Counselling will help the individual to understand their trauma, how they respond to their trauma, and how to change these responses in an effort to diminish their PTSD symptoms. Counselling will arm those with PTSD with the skills, knowledge, and abilities to cope with the fear, anxiety, and memories associated with their trauma.

How do I know if I need to seek support for trauma?

Trauma disorders are emotional responses to an event, and can vary enormously for each person. If you find yourself experiencing behavioural and physical symptoms of trauma, and believe that a traumatic event may be affecting your day-to-day life, then you should seek the support of a professional.

Is trauma counselling only for those with PTSD?

No – counselling is beneficial for anyone that has experienced some sort of trauma response, even if it is not characterised as PTSD. Trauma counselling can help to reduce anxiety, develop a clear mind, and make real-world changes to your life that will improve your mental health.

Won’t talking about traumatic events make me feel worse?

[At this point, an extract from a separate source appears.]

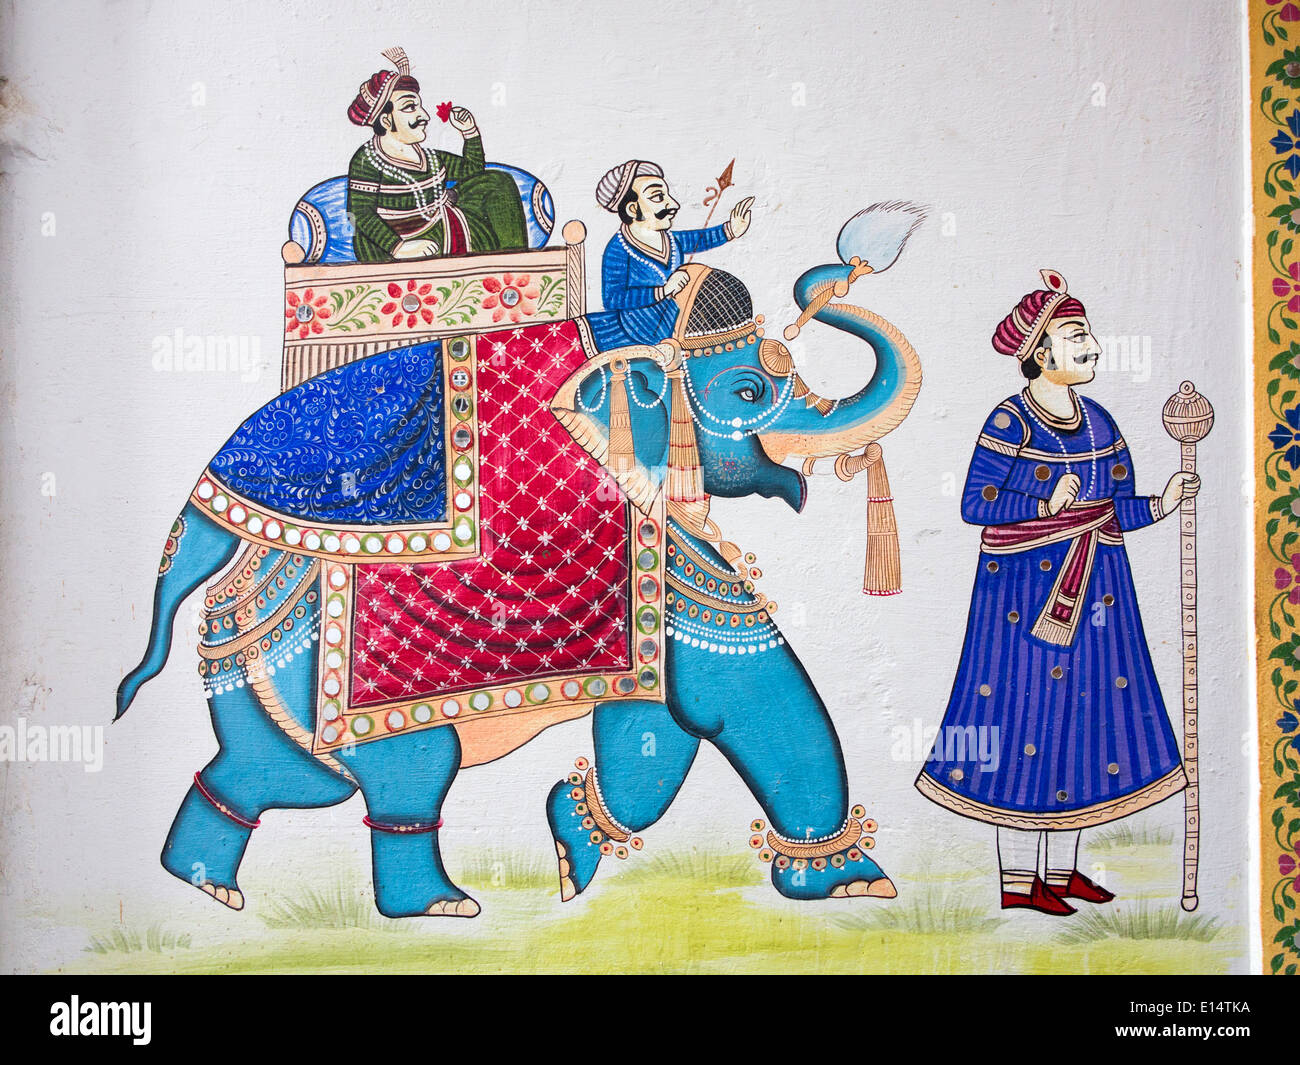 Indien, Rajasthan, Udaipur, Rajasthani Folk Art, Wandmalerei der Rajput Mann auf Elefanten mit Blume Stockfoto

Not necessarily. For many, the thoughts, reactions, and responses to the traumatic event are what make PTSD and trauma-specific disorders hard to heal from. While denying or minimising the traumatic event is only natural, it does not allow you to get to the root cause and develop life-changing coping mechanisms.

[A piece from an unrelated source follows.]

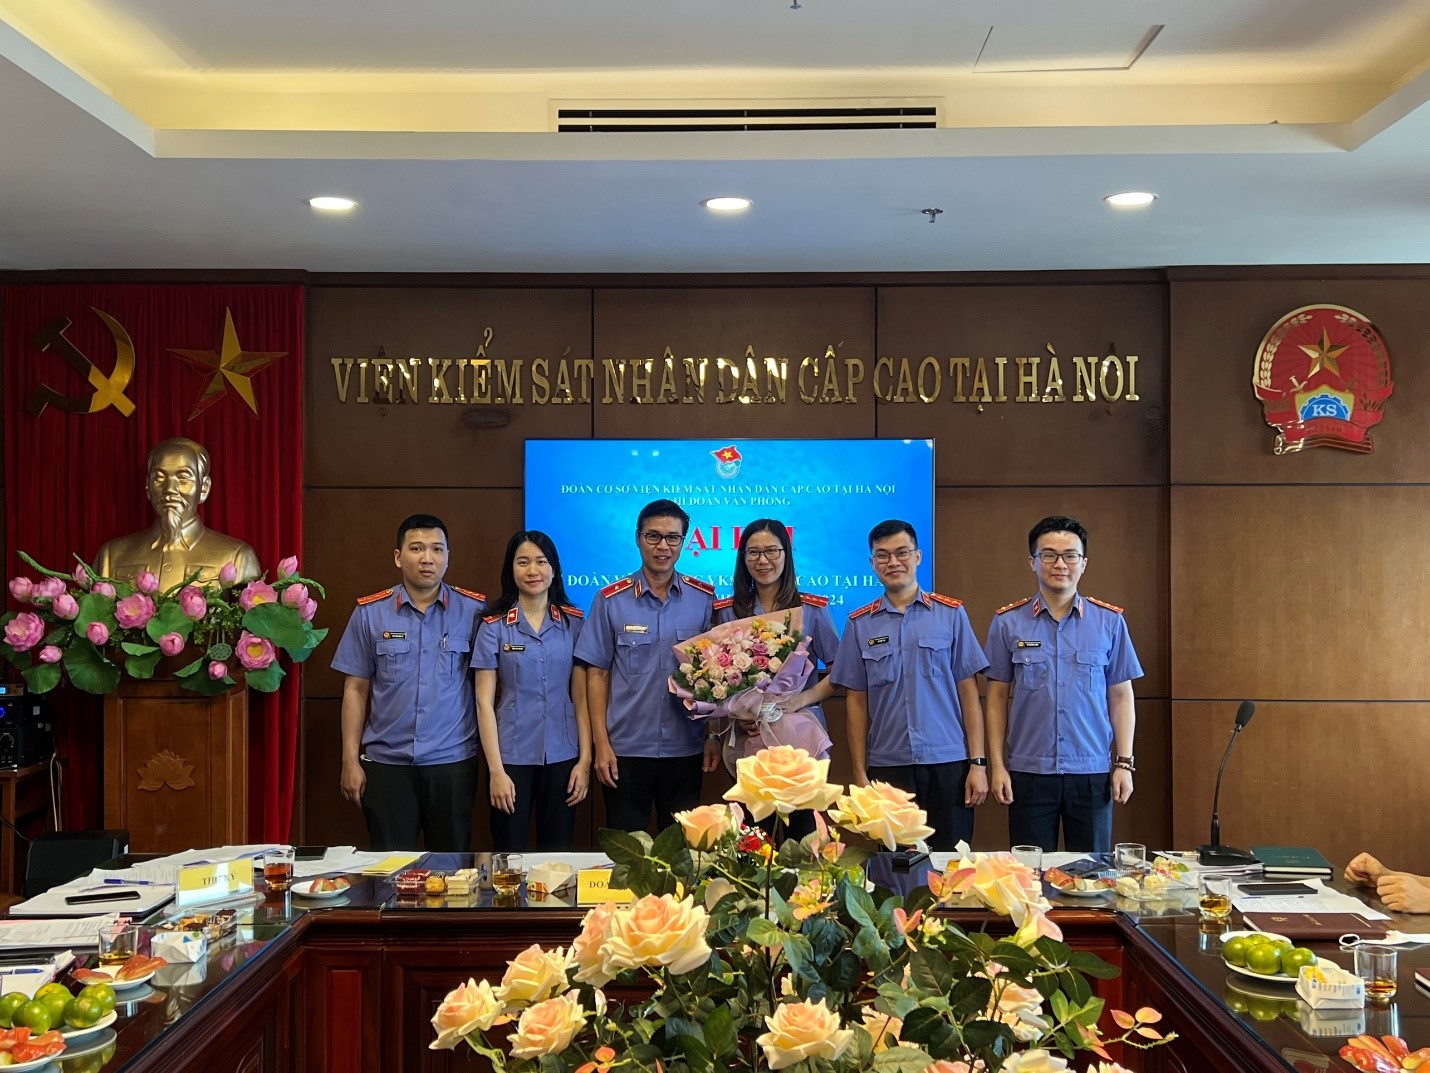 Chi đoàn Văn phòng VKSND cấp cao tại Hà Nội tổ chức thành công Đại hội Chi đoàn lần thứ II, nhiệm kỳ 2022 - 2024

How long will I need to go for?

This will vary depending on your specific concerns, progress made in sessions, and your goals. For some, PTSD counselling and trauma therapy can be extremely helpful early on, and they will begin to notice changes within themselves in the first few sessions. For others, it can take a longer period of time to understand their trauma, and the trauma responses they’re experiencing.

You may require weekly sessions at first, and then move towards fortnightly or monthly sessions. For those with severe cases of PTSD, they will often benefit the most from staying in contact with their psychologist over a long period of time, to ensure that they continue to receive ongoing support.